Plain English Summary

Background and study aims
Some people with bipolar disorder experience ongoing low mood or mood swings outside of full episodes of depression or mania. This might be associated with a sense of never feeling properly “well”, or of not having extended periods of stable mood. Most of the research that has looked at psychological therapies for people with bipolar disorder has focussed on helping people recover from periods of major depression, or on reducing the chance of having another major episode. These are important issues to address, however, we do not yet have a therapy that is specifically designed to address ongoing symptoms. Researchers have been working on developing such a therapy. The long-term aim is to help the NHS to offer a treatment that can support people with bipolar disorder who would particularly like support with persisting low mood or mood swings.
This study is to test out aspects of the therapy and of the research processes in preparation for being able to run a large clinical trial in future. This study cannot give the final answer on whether the therapy works in general: a larger study is needed for this. However, this small study is a necessary step towards a bigger trial.

Who can participate?
People with ongoing symptoms of bipolar disorder between major episodes

What does the study involve?
The study involves either receiving the new therapy or continuing with usual care without receiving the new therapy. This is decided at random and there is a 50% chance of receiving the therapy. Throughout the study there are several questionnaires to complete at different time points over 12 months.

What are the possible benefits and risks of participating?
Behavioural therapies for people with depression and for people with emotional instability have been found to be beneficial overall, and early-stage studies with people with bipolar disorder suggest that this may be a helpful approach.
The researchers do not anticipate that this therapy programme will place participants at any more risk than they would face if they attended other therapeutic programmes.

Where is the study run from?
Exeter Clinical Trials Unit at the University of Birmingham (UK)

When is the study starting and how long is it expected to run for?
September 2023 to November 2026

Who is funding the study?
National Institute for Health and Care Research (NIHR) (UK)

Who is the main contact?
Dr Kim Wright, k.a.wright@exeter.ac.uk

Contact information

Prof Kim Wright
Scientific, Principal Investigator

Washington Signer Labs
Perry Road
Exeter
EX44QG
United Kingdom

Phone +44 (0)1392725227
Email K.A.Wright@exeter.ac.uk
Dr Study Team
Public

-
-
-
United Kingdom

Email stabilise@exeter.ac.uk

Study information

Study designTwo-arm randomized parallel controlled feasibility trial
Primary study designInterventional
Secondary study designRandomised controlled trial
Study setting(s)University/medical school/dental school, Other
Study typeTreatment
Participant information sheet Not available in web format, please use contact details to request a participant information sheet
Scientific titleThe clinical and cost-effectiveness of behavioural therapy for interepisode bipolar symptoms (STABILISE): a feasibility study
Study acronymSTABILISE
Study hypothesisAssessment of the acceptability and feasibility of a future trial.
Ethics approval(s)

Approved 18/01/2024, East of England - Cambridge East Research Ethics Committee (2 Redman Place, London, EC20 1JQ, United Kingdom; +44 (0)2071048181; CambridgeEast.REC@hra.nhs.uk), ref: 24/EE/0018

ConditionBipolar disorder
InterventionThis is a feasibility study with two arms: usual care + the new therapy, and usual care only. 60 participants will be randomised to these two arms, with half receiving each.

As this is a feasibility trial the researchers will be using data from the trial to characterise usual care to refine their understanding of this for a future definitive trial.

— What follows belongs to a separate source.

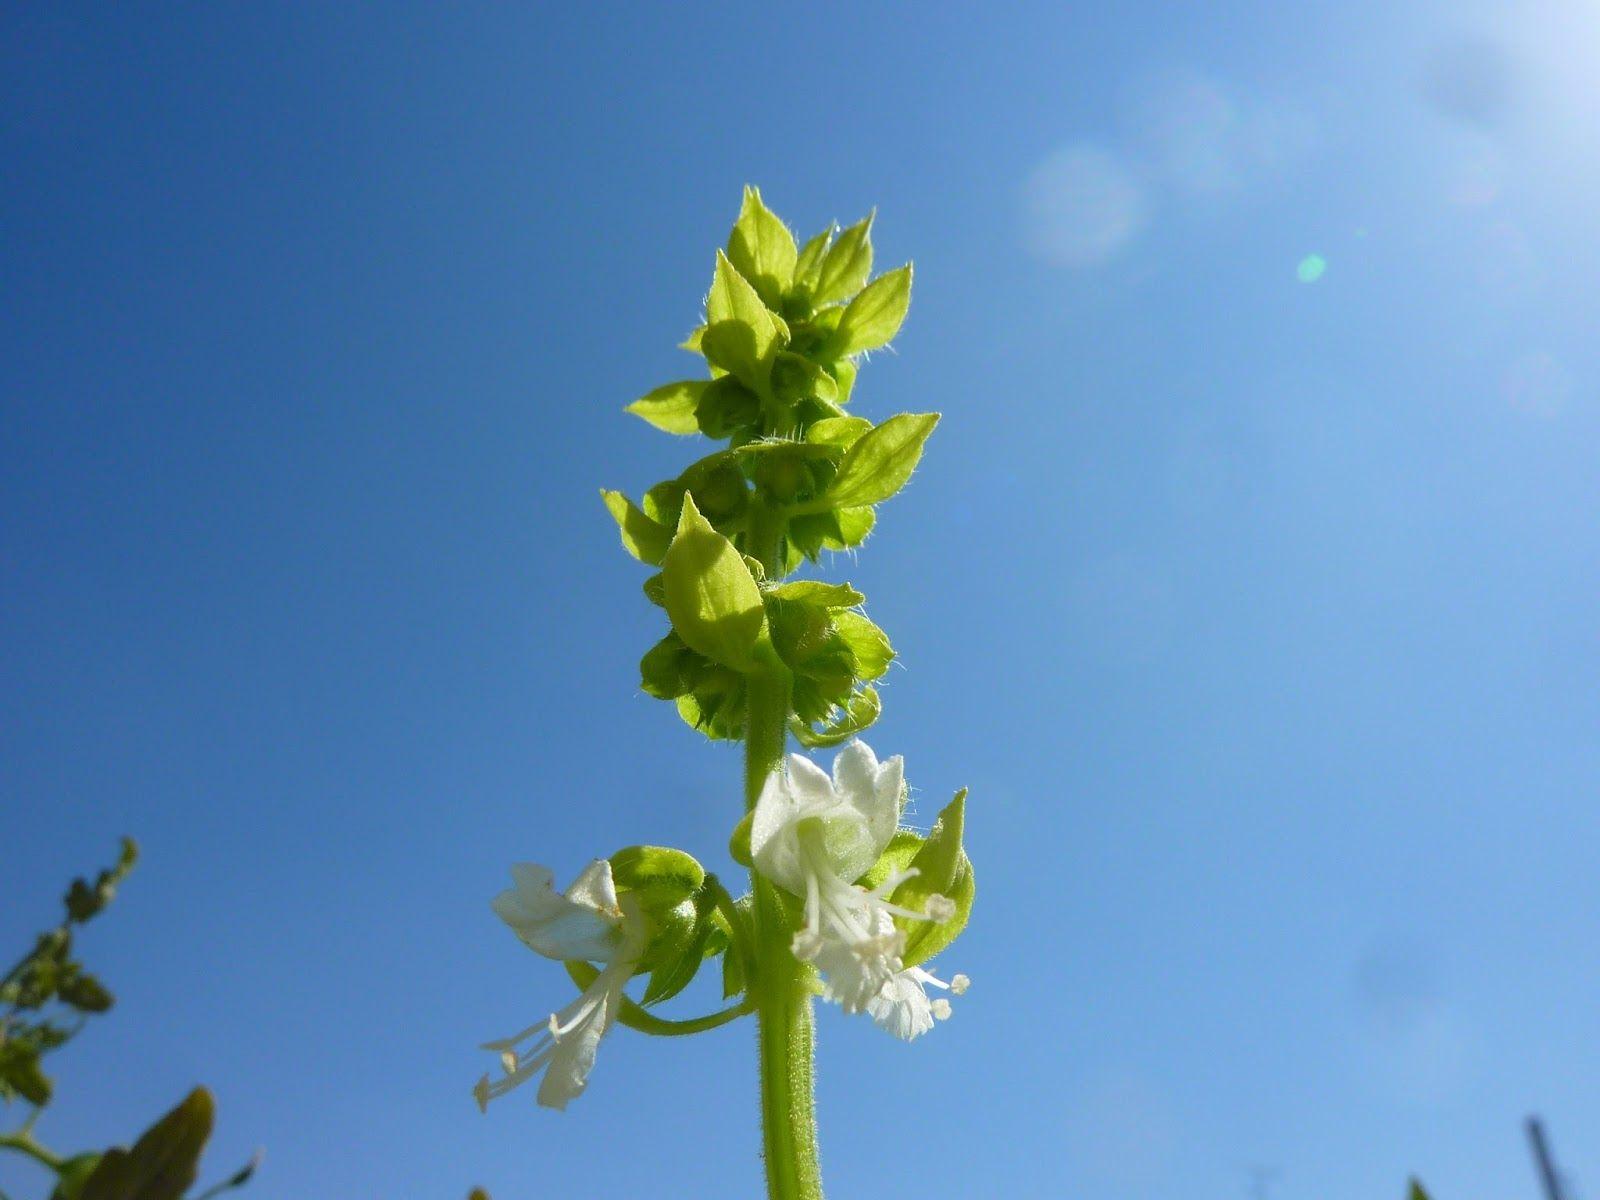 albahaca / Ocimum basilicum

As such we do not place any restrictions on what people receive as part of usual care. This could therefore include the full range of NHS and private/third sector health assessments and interventions available to the person. Similarly, the researchers do not mandate any healthcare assessment to be part of usual care (i.e. there is not a stated minimum set of components).

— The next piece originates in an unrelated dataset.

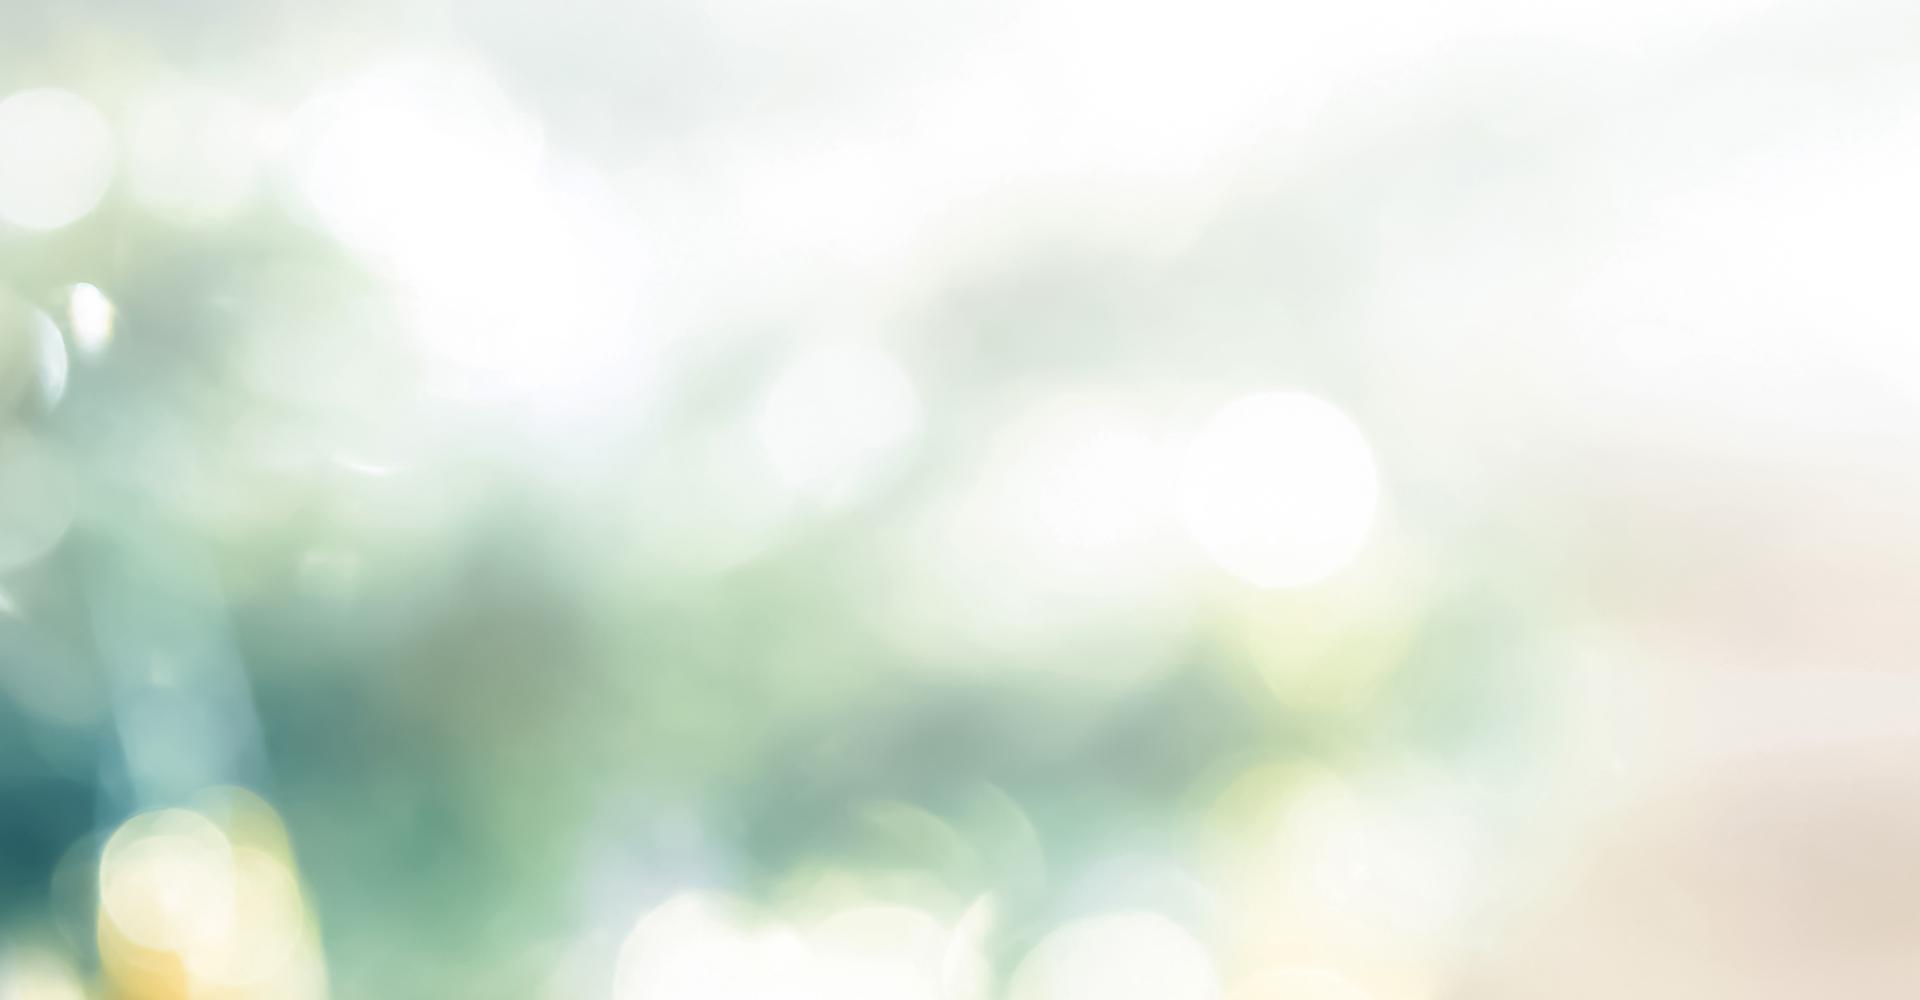 大門美園自治会 メインビジュアルイメージ画像

The intervention therapy consists of up to 20 individual, hour-long therapy sessions (plus up to two initial assessment sessions) of behavioural therapy, delivered over up to 7 months (30 weeks). This is followed by a period of consolidation whereby patients can opt to see the therapist up to 3 times up until 12 months after starting therapy.

Participants will complete measures of clinical symptoms, quality of life/sense of personal recovery and use of healthcare services at four time points: study intake, 14 weeks after intake, 30 weeks after intake, and 52 weeks after intake. They will also complete additional measures at some of these time points. Further details are given below.

Measures:
Demographic assessment at baseline only:
1. Demographic questionnaire: age, gender, ethnicity, relationship status, highest level of education, perceived financial status, currently open to secondary care services.

Measures to assess eligibility:
The following measures will be completed at intake to assess participant eligibility.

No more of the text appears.